Where I diverge from the earlier advice: sometimes interrupts help. Midway through a bland response? Jump in with, “Wait, can you clarify point 2?” or “Ignore the background, what’s the main takeaway?” Treat the session as a live chat, not a one-off email—dynamic, back-and-forth.
Ask for contrasts (“What’s the difference between X and Y in two bullet points?”), or pit ideas against each other for sharper outputs. And don’t baby it, either! AI can handle a little ambiguity if you just add, “If unsure, make your best guess,” or “Give 2 wildcards at the end.”
Pros vs Cons (yeah, let’s get meta about ')
Pros:
- Highly adaptable to your style. Can handle back-and-forth AND rapid pivots.
- Reasonably good with specific requests after some iteration—think about using product-specific queries for readability and digestibility (and yes, SEO, if you’re publishing).
- Handles follow-ups cleanly if you keep the context tight.
Cons:
- Overly complex or heavily nested queries will tank your results, just like with other AI tools. Even with interruptions, nuance can get lost if you keep shifting focus.
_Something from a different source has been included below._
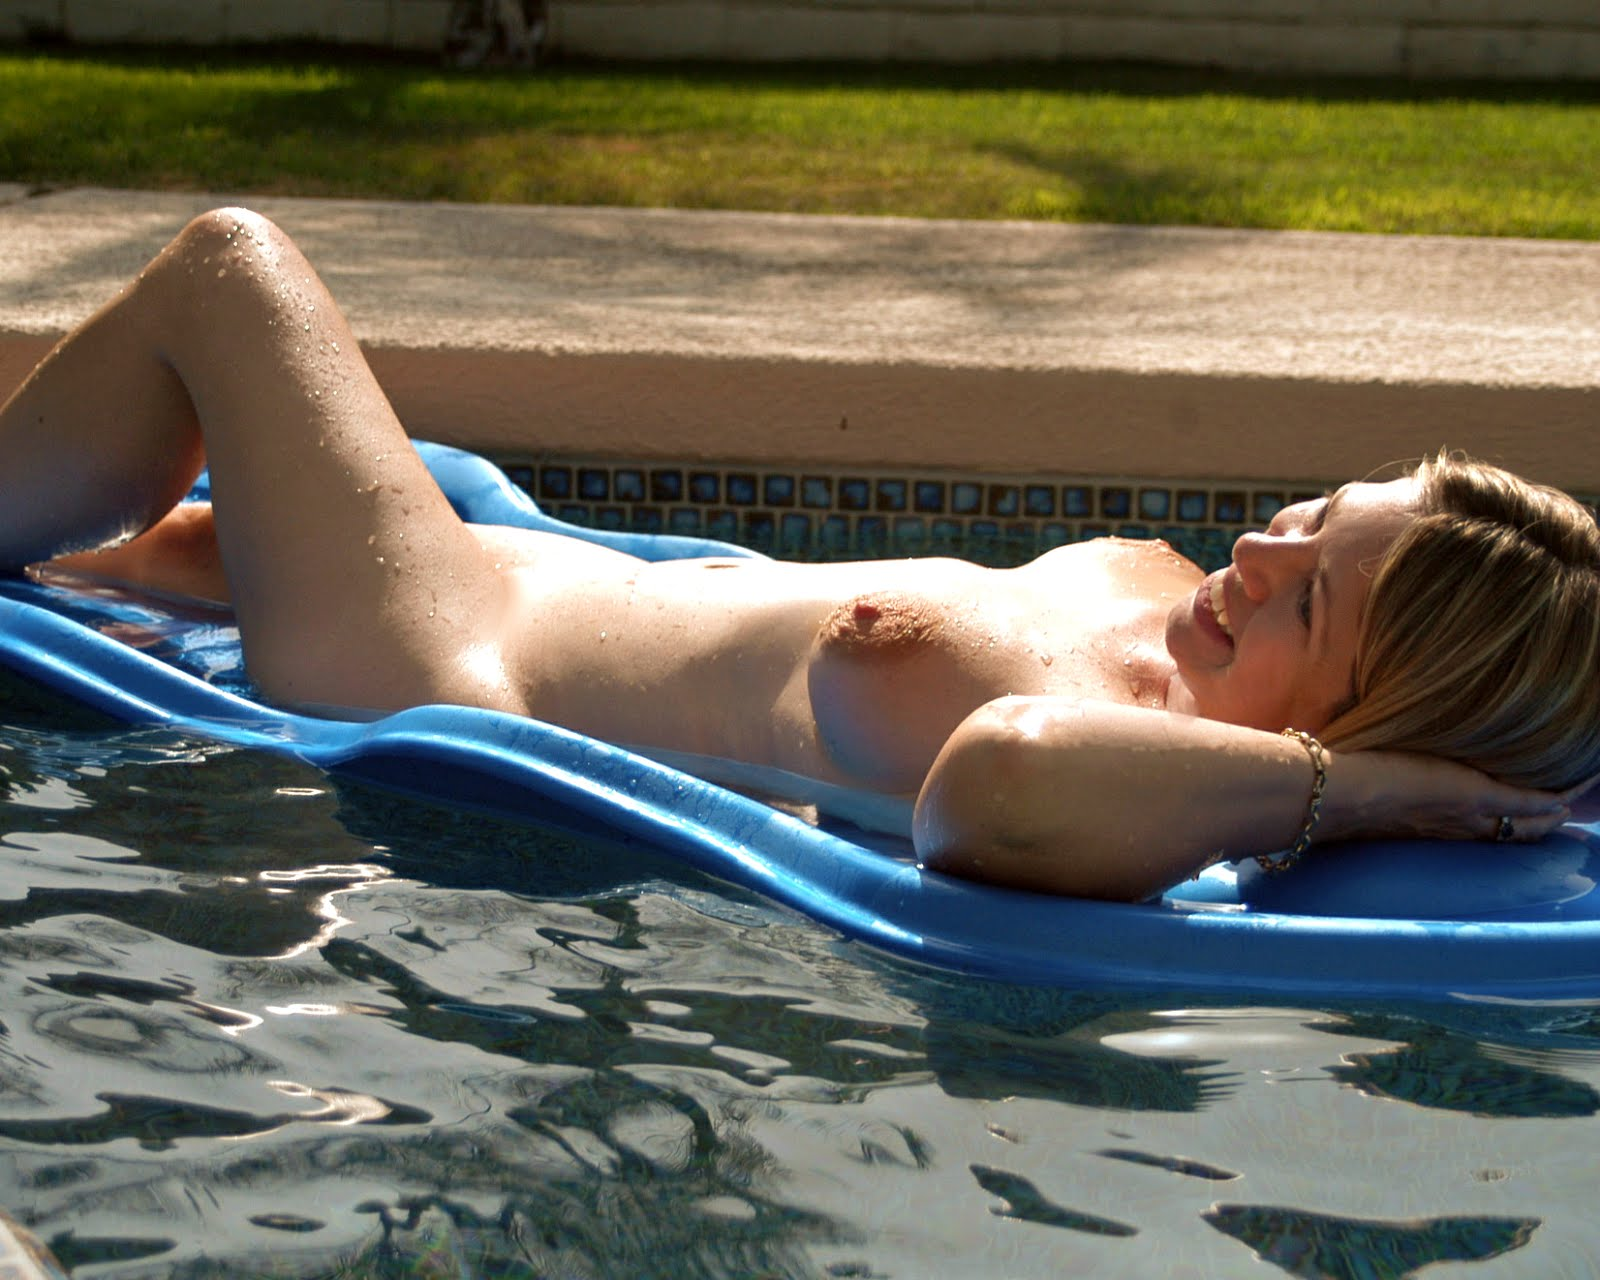 Skinny Young Teen Girls Sunbathing Candid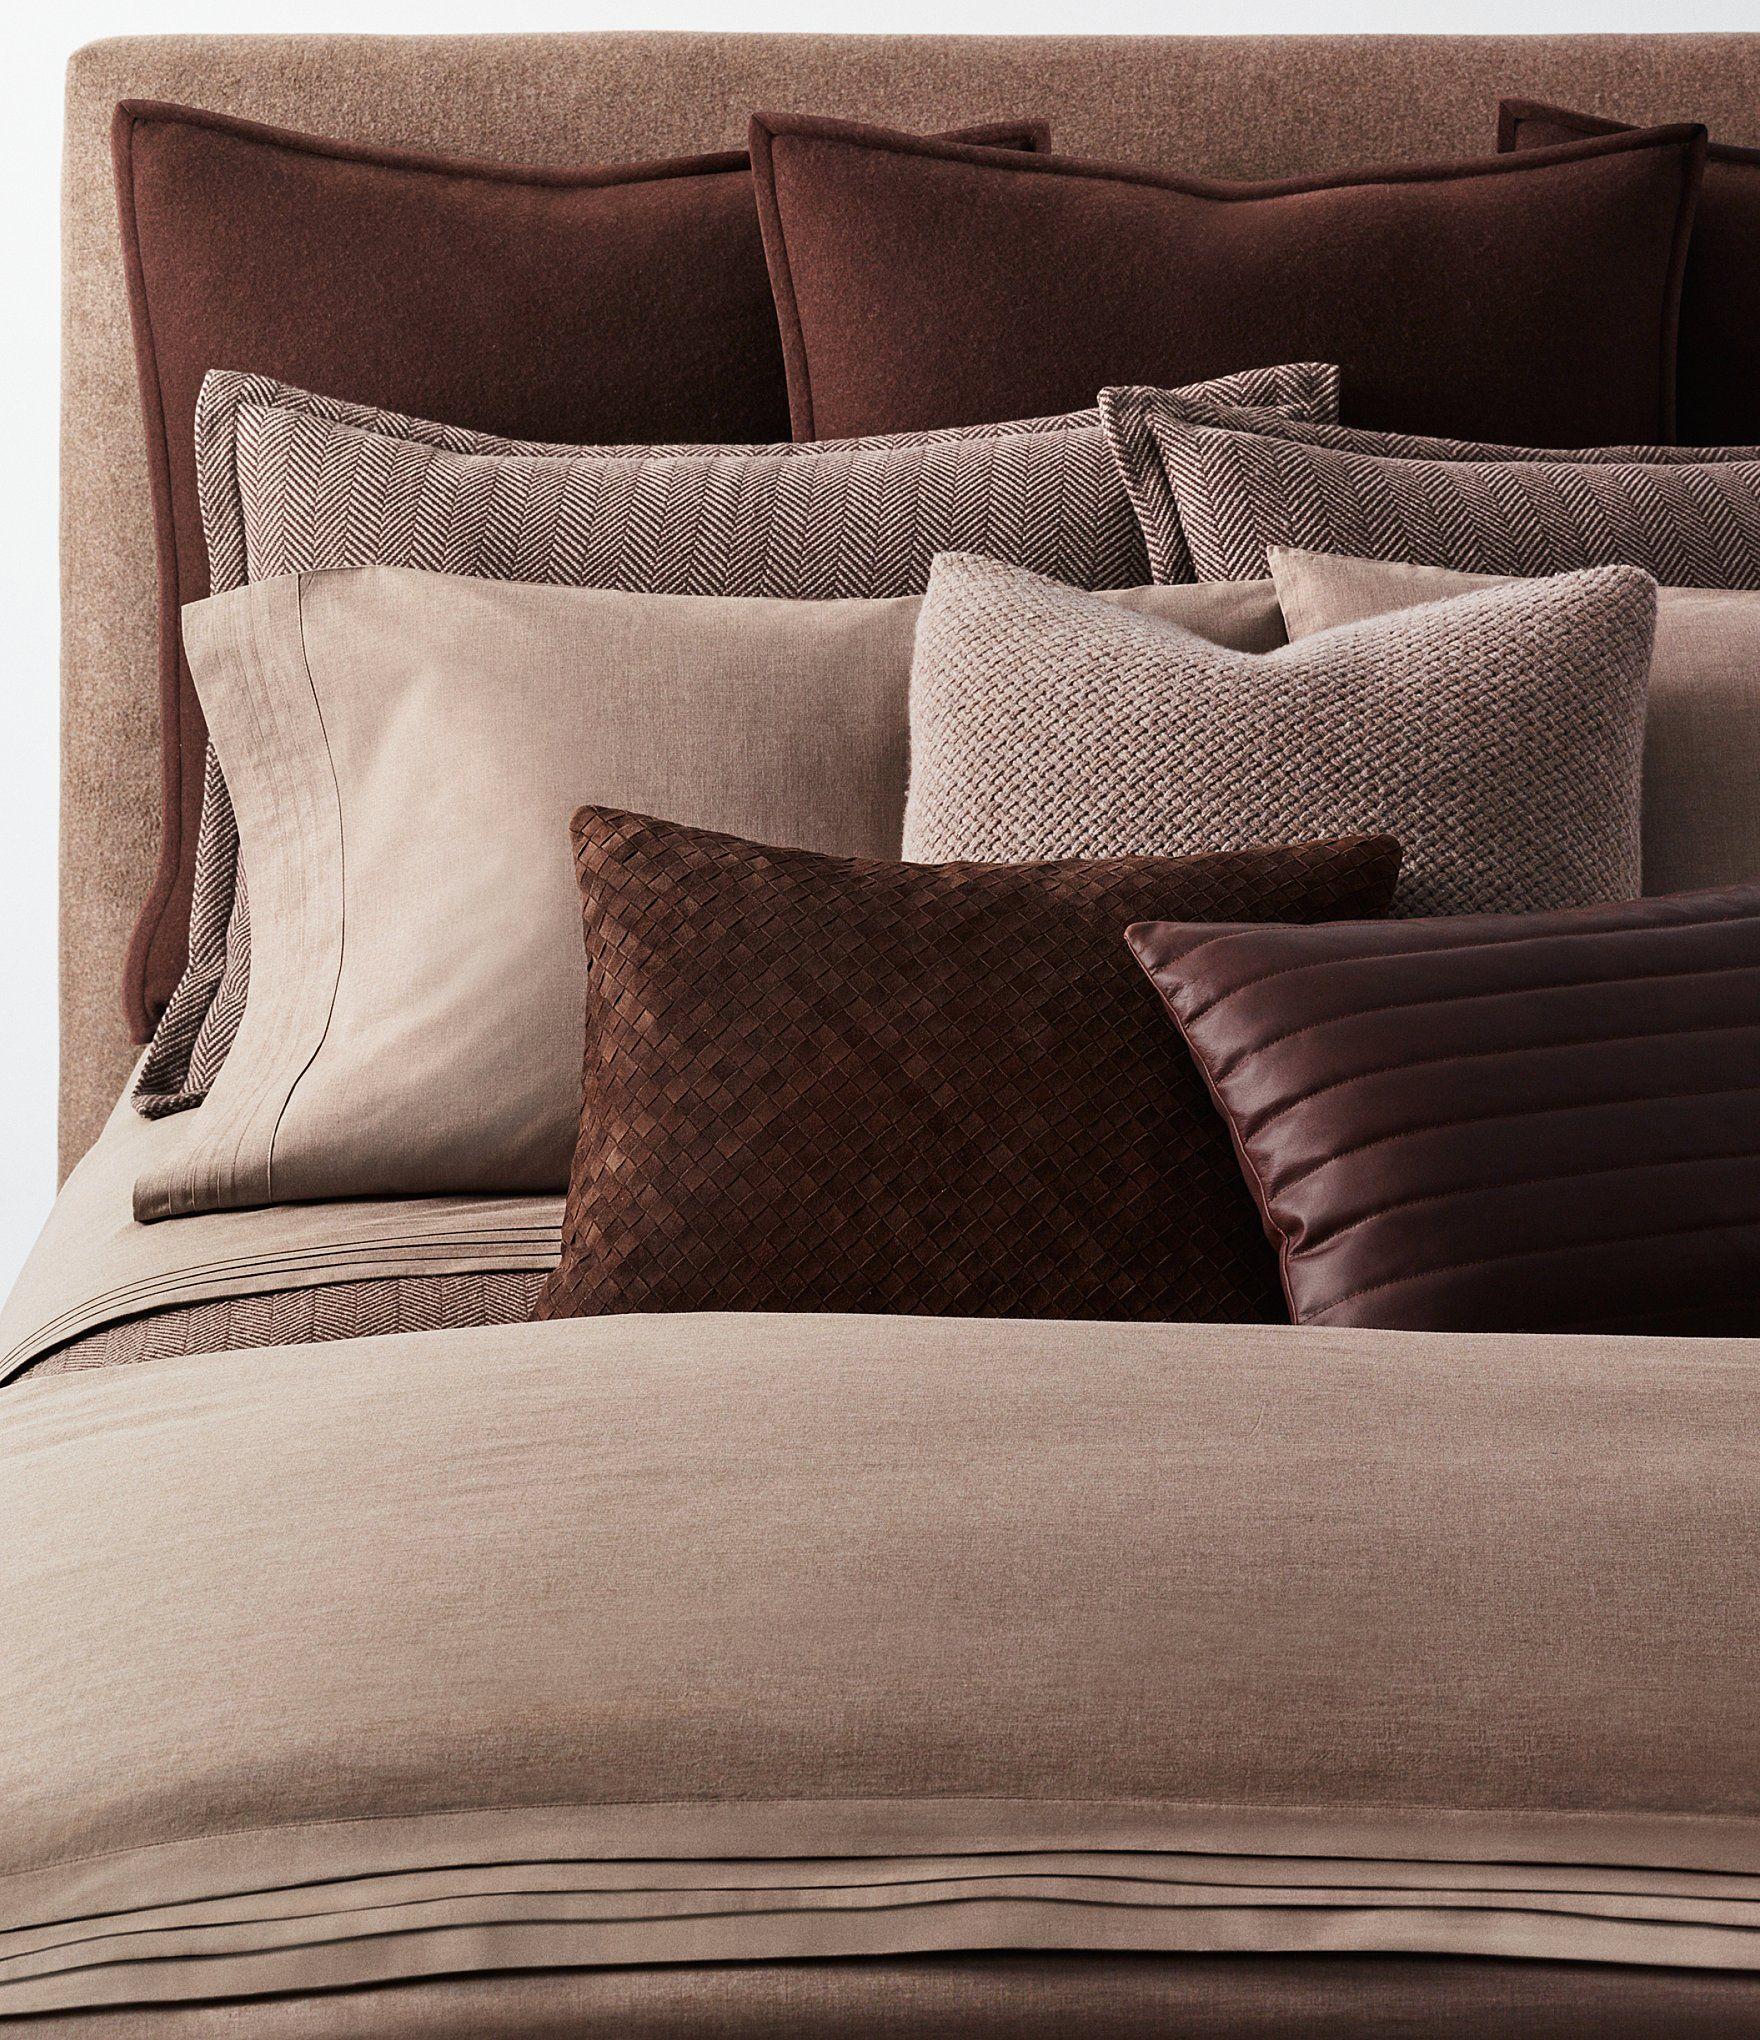 Dillards Home Decor: Ralph Lauren Modern Icons Collection Roth Percale Duvet

- Sometimes, “thinking aloud” mode drags out answers—overkill for when you want just the facts.
Couldn’t agree more with the “don’t get attached to wording” crowd, though I’d add: treat AI like improv, not scriptwriting. Stay loose. Try what those other two—boswandelaar and andarilhonoturno—suggested for structure, but don’t be afraid to riff. That’s how you get from “meh” to “whoa, that’s helpful.”
Extra tip: With ', formatting your prompts in readable bullet-points or short steps makes it easier for the tool to parse your intent—essential if you care about fast, SEO-friendly answers. Just keep the overflow in check, lest you drown the AI in details (a common snag with the competition, too).
Experiment. Interrupt. Ask to see the thought process. AI isn’t playing hard to get—it’s just a little too eager to please unless you coach it mid-conversation.